My first intuition is that you can't since there would be a possibility for name conflicts if two sub structures both had a member x and I can't figure out what the compile error would be. However, I recall working in some frameworks where this was possible.
In C++ I worked in a framework once where bar existed, and you could access its members as member variables this->x from a different class. I'm trying to figure out how that could be done.
You can with C11:
§ 6.7.2.1 -- 11
An unnamed member whose type specifier is a structure specifier with no tag is called an
anonymous structure; an unnamed member whose type specifier is a union specifier with
no tag is called an anonymous union. The members of an anonymous structure or union
are considered to be members of the containing structure or union. This applies
recursively if the containing structure or union is also anonymous.
So this code might work:
#include <stdio.h>
typedef struct { int x; } foo;
typedef struct { foo; } bar;
int main(void)
{
bar b;
b.x = 1;
printf("%d\n", b.x);
}
The problem here is that different compilers disagree in my tests on whether a typedef is acceptable as a struct specifier with no tag The standard specifies:
§ 6.7.8 -- 3
In a declaration whose storage-class specifier is typedef, each declarator defines an
identifier to be a typedef name that denotes the type specified for the identifier in the way
described in 6.7.6. [...] A typedef declaration does not introduce a new type, only a
synonym for the type so specified.
(emphasis mine) -- But does synonym also mean a typdef-name specifier is exchangeable for a struct specifier? gcc accepts this, clang doesn't.
Of course, there's no way to express the whole member of type foo with these declarations, you sacrifice your named member f.

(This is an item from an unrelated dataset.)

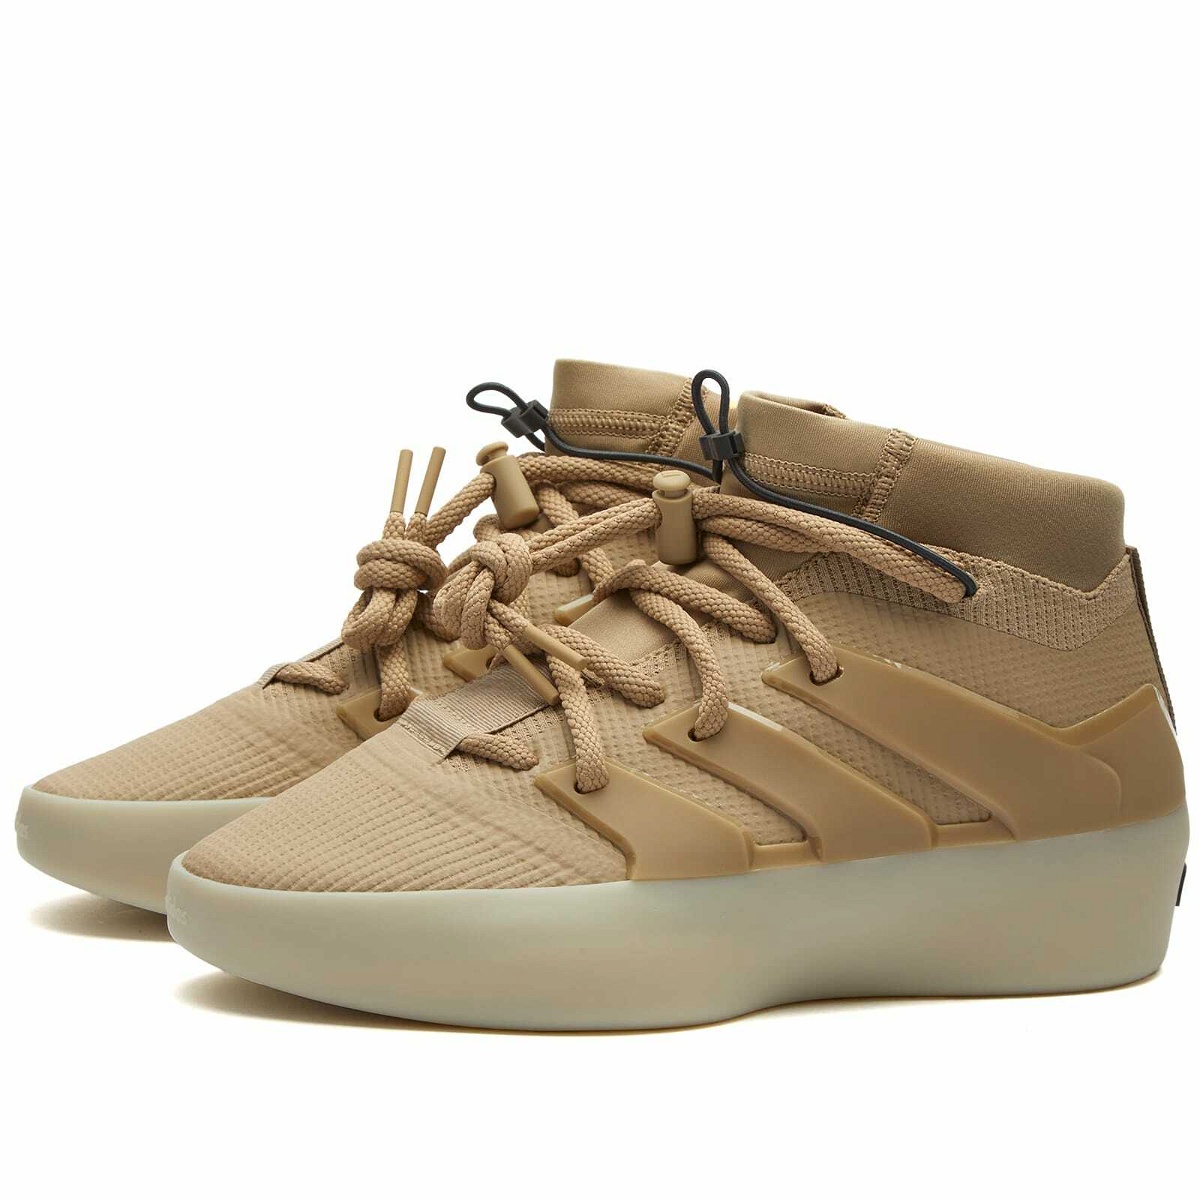 Photo: Adidas x Fear of God Athletics I Basketball Sneakers in Clay
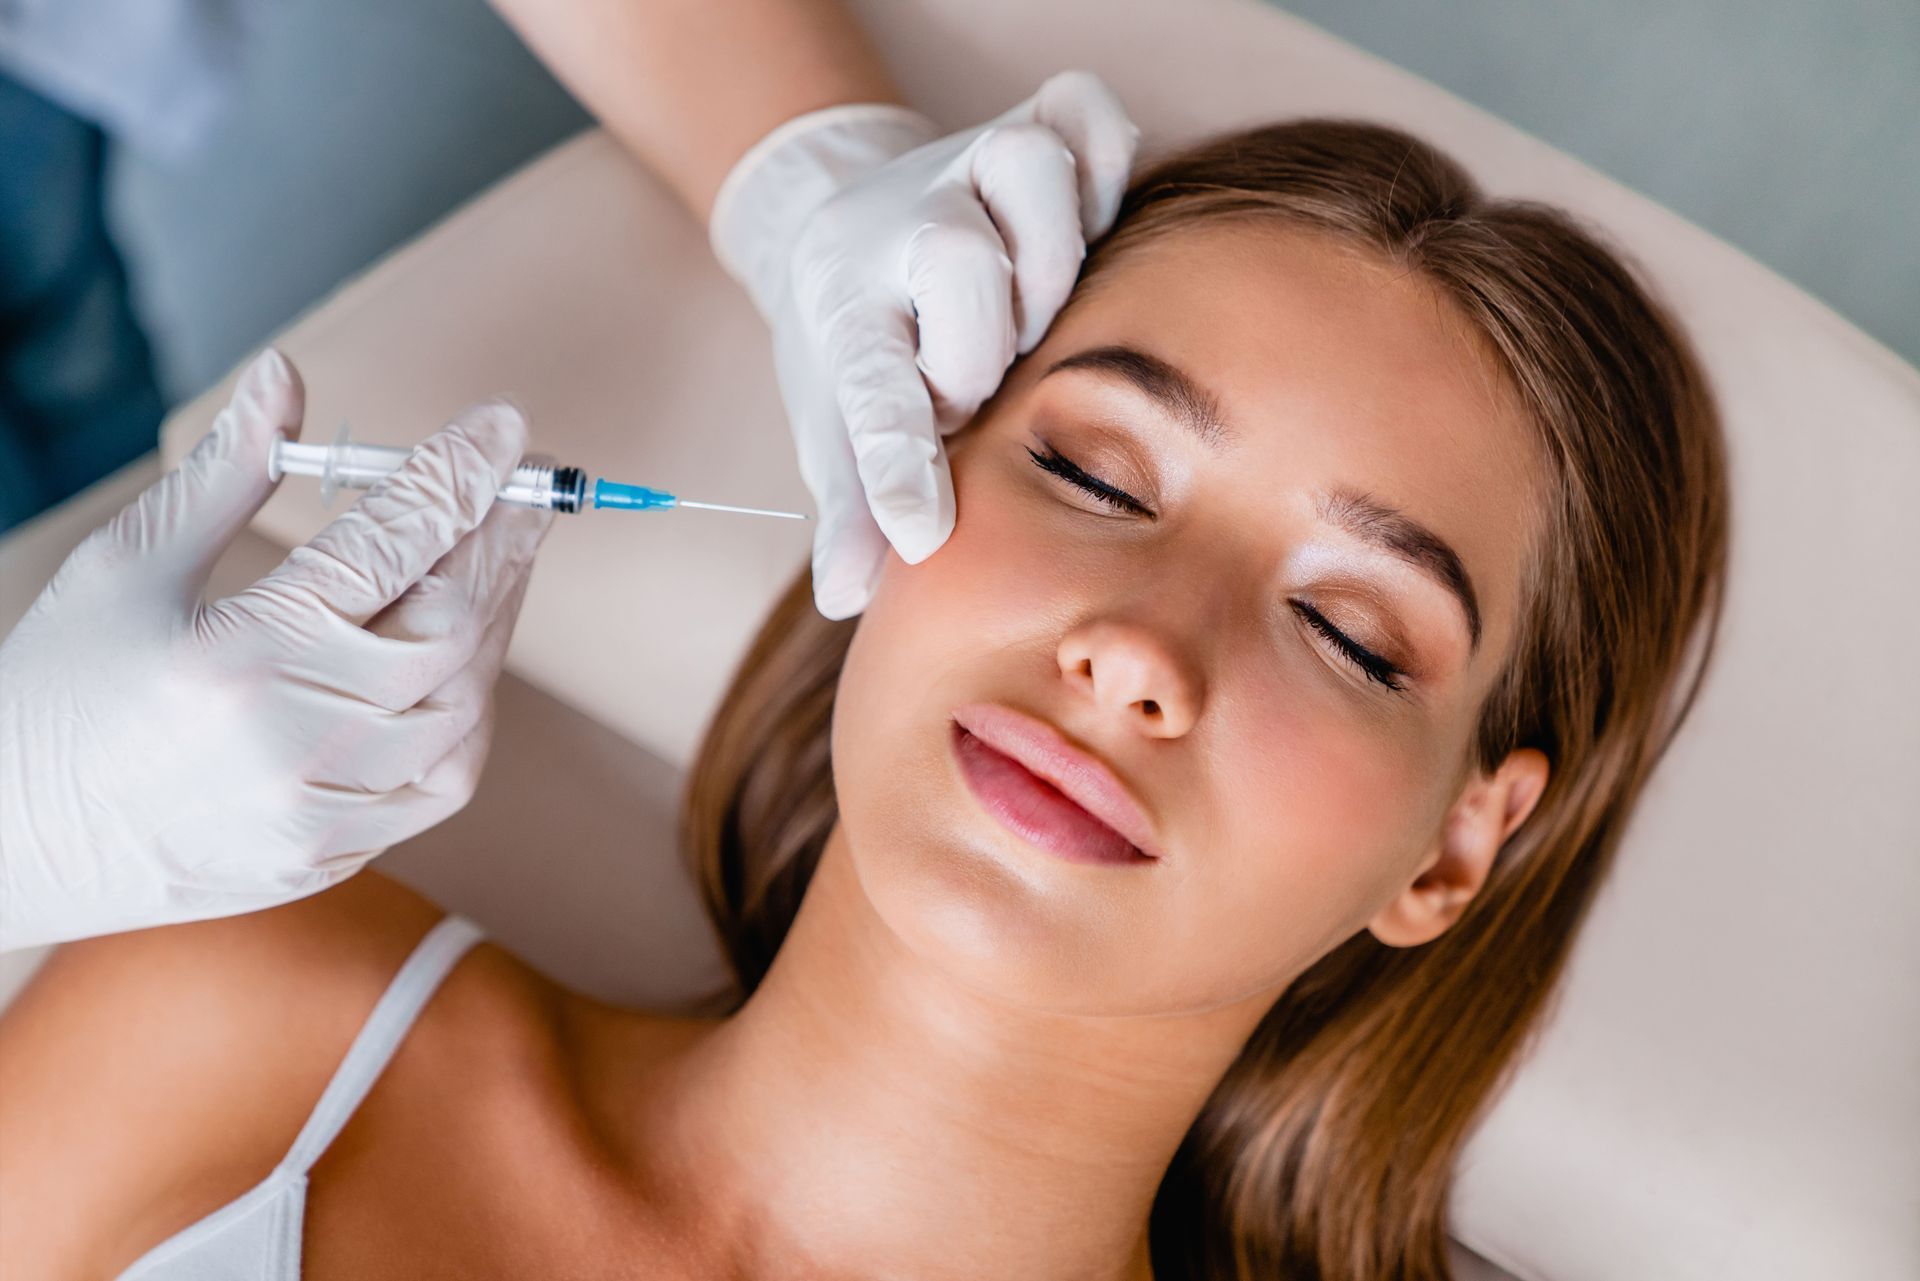 BOTOX® 101: Everything You Need to Know Before Your First Treatment

Concerning your doubt about name collisions, this is what gcc has to say when you put another int x inside bar:
structinherit.c:4:27: error: duplicate member 'x'
typedef struct { foo; int x; } bar;
^
To avoid ambiguity, you can just repeat the struct, possibly #defined as a macro, but of course, this looks a bit ugly:
#include <stdio.h>
typedef struct { int x; } foo;
typedef struct { struct { int x; }; } bar;
int main(void)
{
bar b;
b.x = 1;
printf("%d\n", b.x);
}
But any conforming compiler should accept this code, so stick to this version.
<opinion>This is a pity, I like the syntax accepted by gcc much better, but as the wording of the standard doesn't make it explicit to allow this, the only safe bet is to assume it's forbidden, so clang is not to blame here...</opinion>
If you want to refer to x by either b.x or b.f.x, you can use an additional anonymous union like this:
#include <stdio.h>
typedef struct { int x; } foo;
typedef struct {
union { struct { int x; }; foo f; };
} bar;
int main(void)
{
bar b;
b.f.x = 2;
b.x = 1;
printf("%d\n", b.f.x); // <-- guaranteed to print 1
}
This will not cause aliasing issues because of
§ 6.5.2.3 -- 6
One special guarantee is made in order to simplify the use of unions: if a union contains several structures that share a common initial sequence (see below), and if the union object currently contains one of these structures, it is permitted to inspect the common initial part of any of them anywhere that a declaration of the completed type of the union is visible. Two structures share a common initial sequence if corresponding members have compatible types (and, for bit-fields, the same widths) for a sequence of one or more initial members
C: Highly unrecommended, but doable:
#include <stdio.h>
#define BAR_STRUCT struct { int x; }
typedef BAR_STRUCT bar;
typedef struct {
union {
bar b;
BAR_STRUCT;
};
} foo;
int main() {
foo f;
f.x = 989898;
printf("%d %d", f.b.x, f.x);
return 0;
}
Anonymous structs are a widly-spread extension in standards before C11.
C++:
The same as in C, you can do here but anonymous structs are not part of any C++ standard, but an extension.
Better use inheritance, or do not use this shortcut at all.
Of course, do not use something like #define x b.x)).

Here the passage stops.